**REQUIREMENT**
Please copy exactly the part of the records below that opens with the line containing "Madrid, España - 26" and closes with the line containing "FLEXD-Car Auto Handyhalterung", leaving out any pictures.

**DATA EXTRACTS**
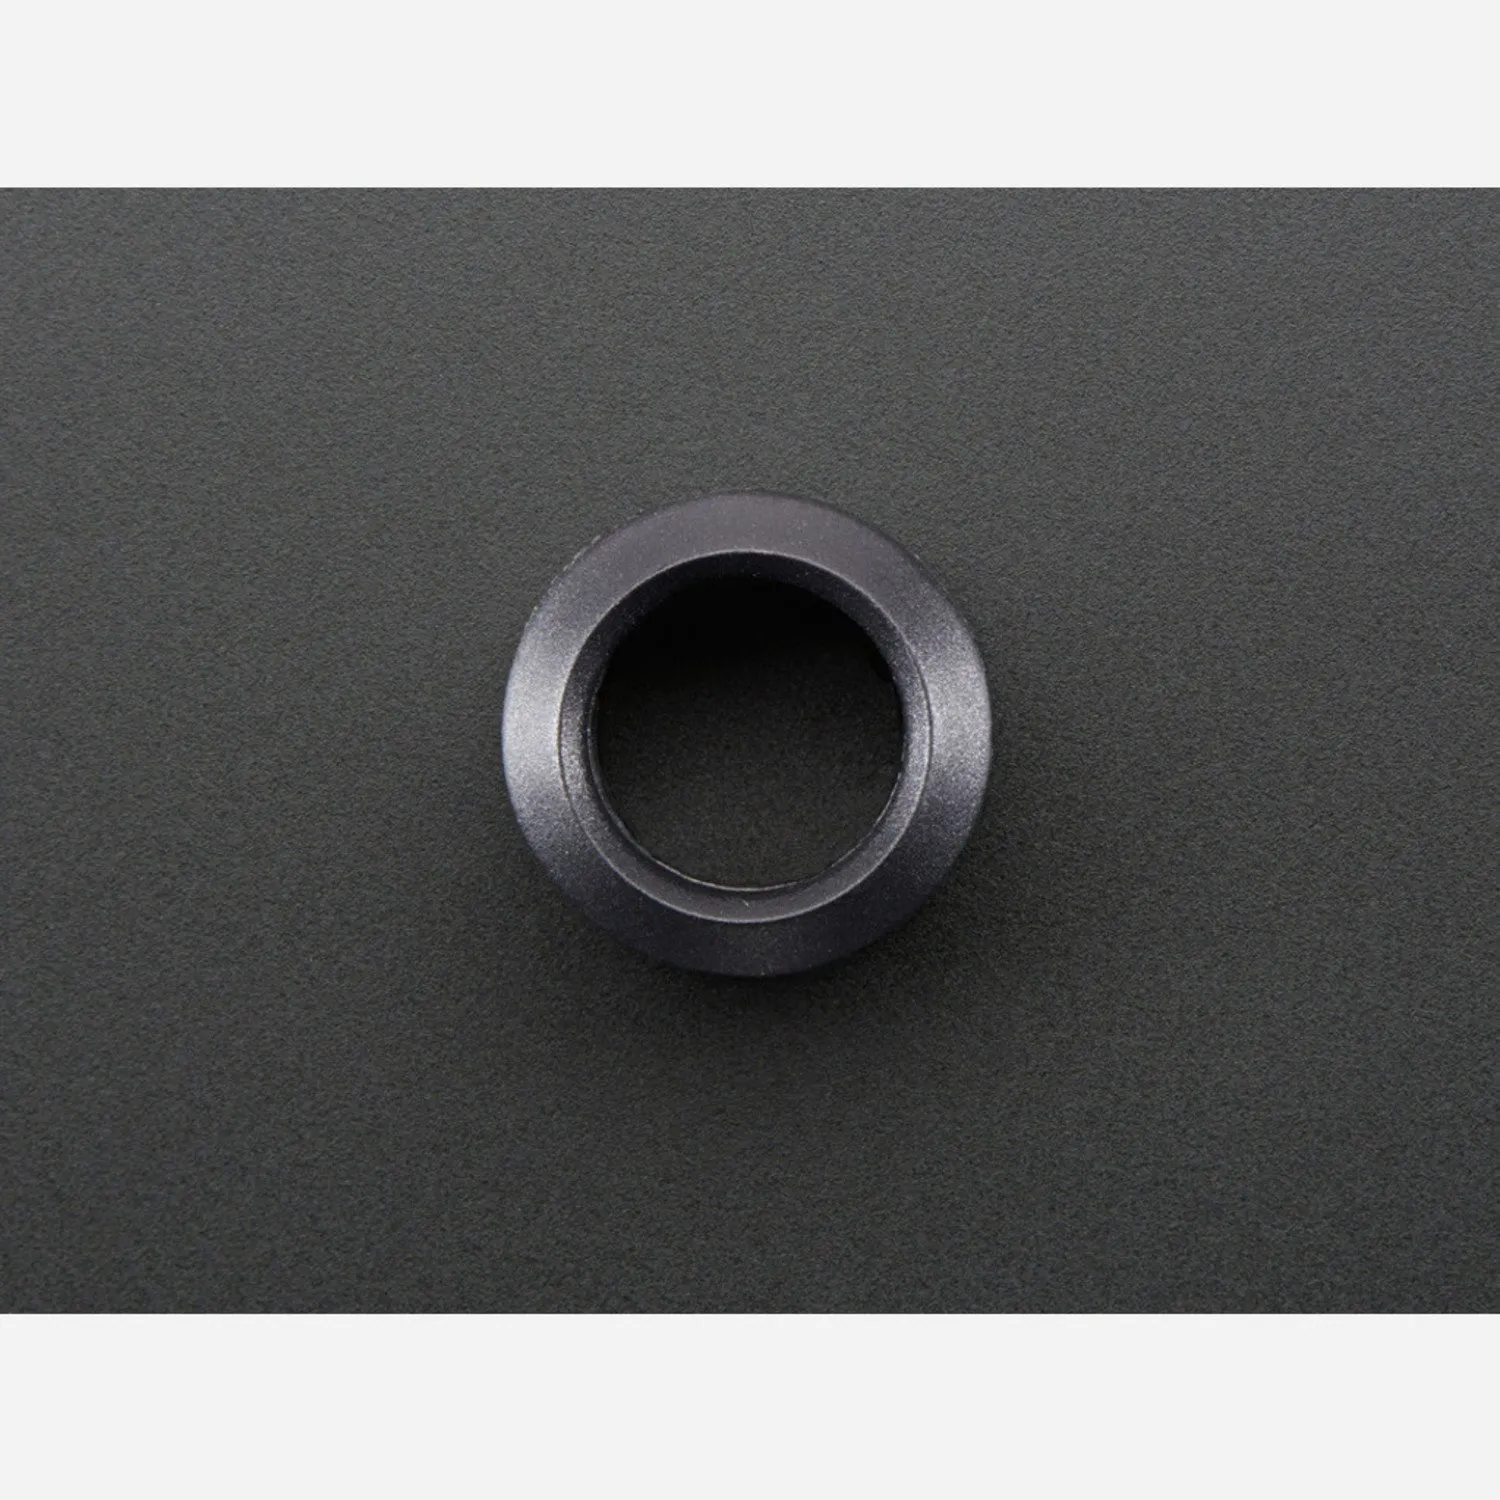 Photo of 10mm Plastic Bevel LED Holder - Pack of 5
* * *
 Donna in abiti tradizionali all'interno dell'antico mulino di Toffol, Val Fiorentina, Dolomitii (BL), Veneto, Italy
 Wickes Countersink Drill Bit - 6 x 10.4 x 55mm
* * *
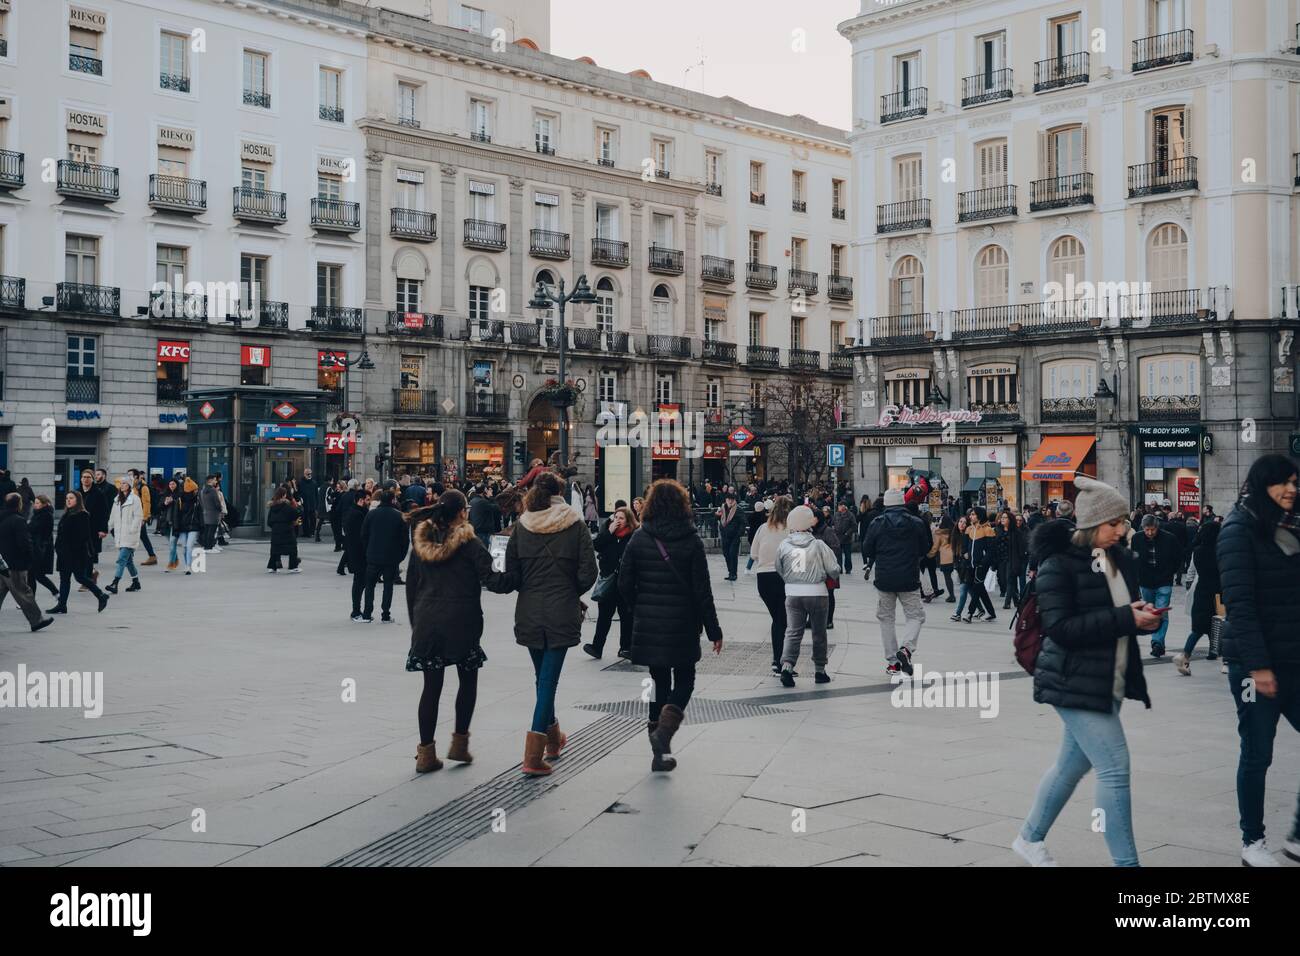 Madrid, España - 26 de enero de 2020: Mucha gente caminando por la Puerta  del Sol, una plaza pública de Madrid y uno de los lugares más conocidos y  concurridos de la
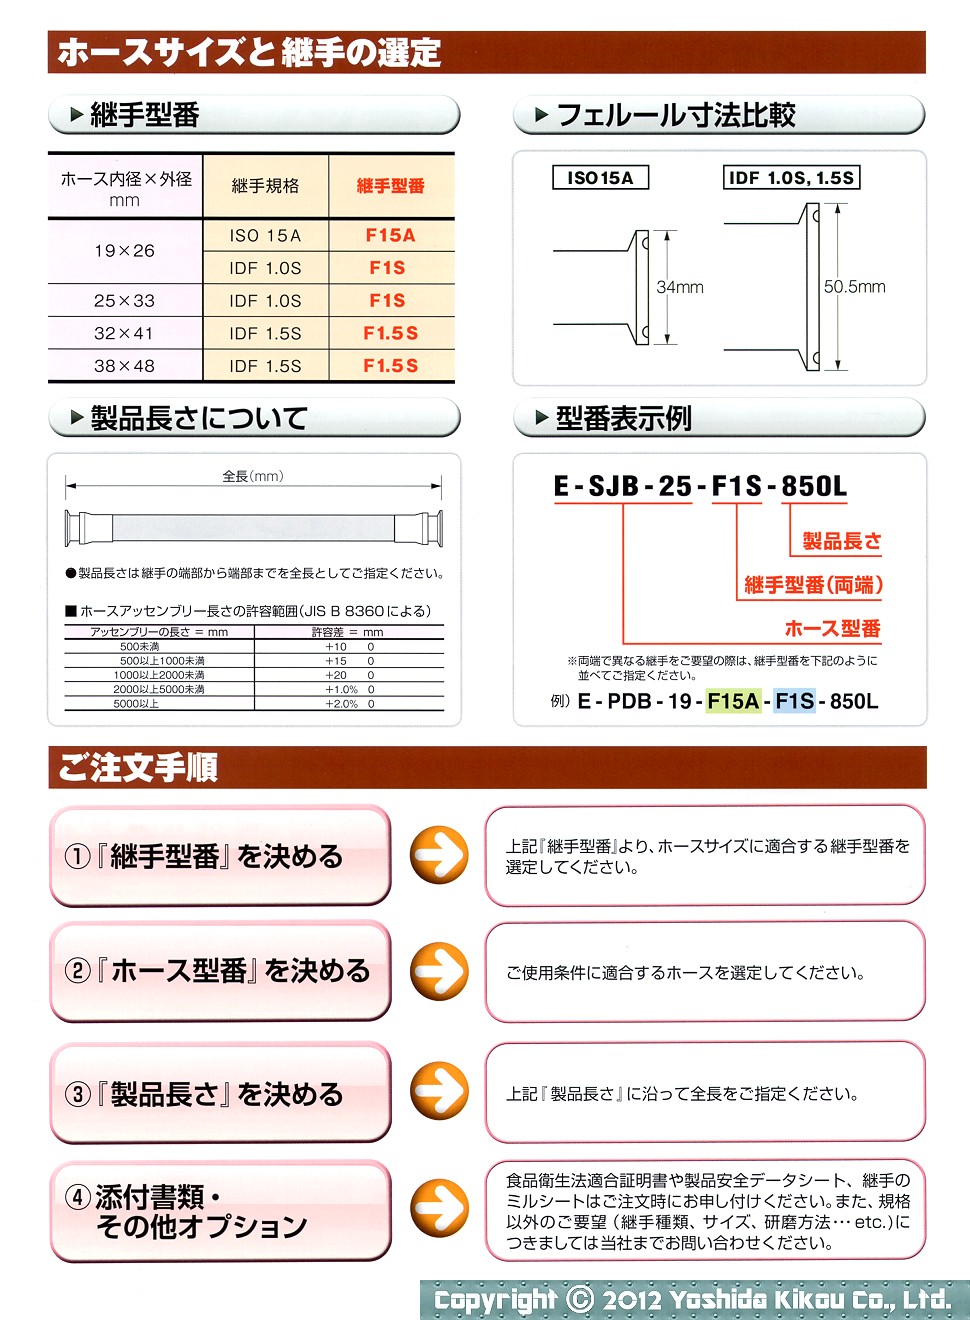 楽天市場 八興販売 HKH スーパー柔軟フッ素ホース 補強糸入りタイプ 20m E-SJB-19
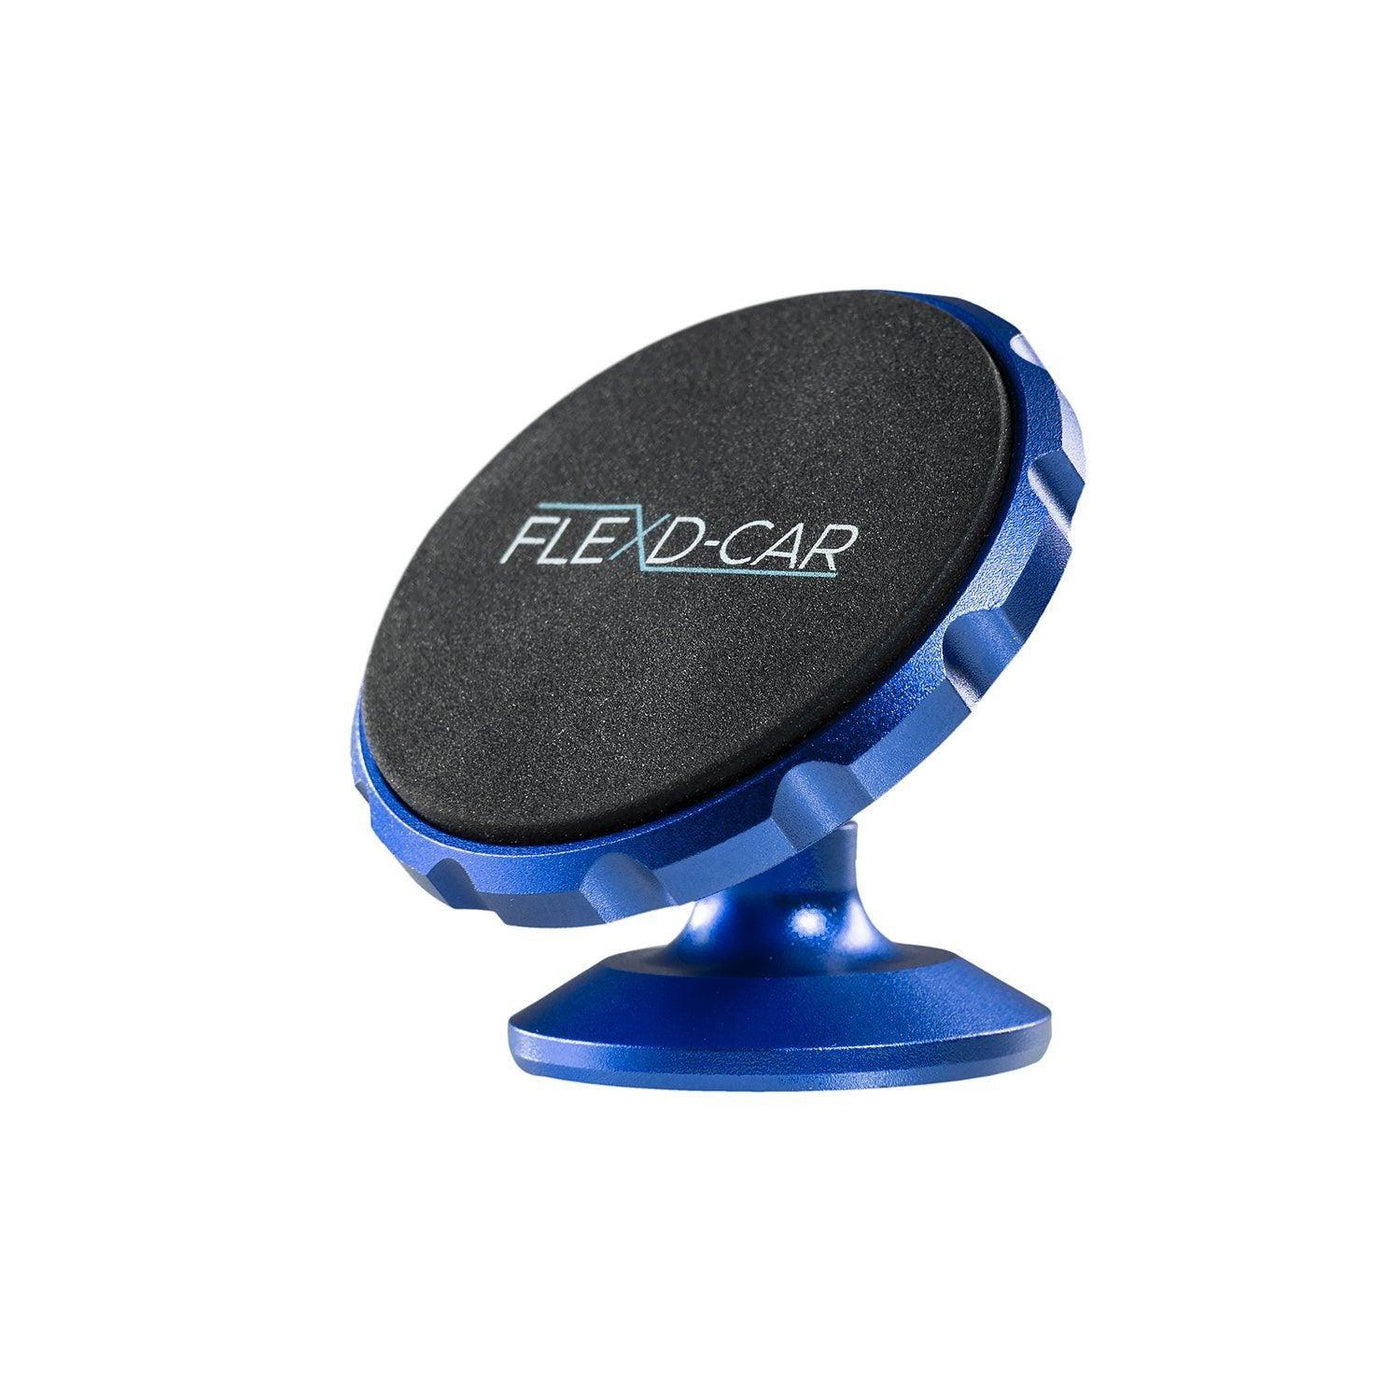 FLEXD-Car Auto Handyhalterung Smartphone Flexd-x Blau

**TASK ANSWER**
 Madrid, España - 26 de enero de 2020: Mucha gente caminando por la Puerta  del Sol, una plaza pública de Madrid y uno de los lugares más conocidos y  concurridos de la
 楽天市場 八興販売 HKH スーパー柔軟フッ素ホース 補強糸入りタイプ 20m E-SJB-19
 FLEXD-Car Auto Handyhalterung Smartphone Flexd-x Blau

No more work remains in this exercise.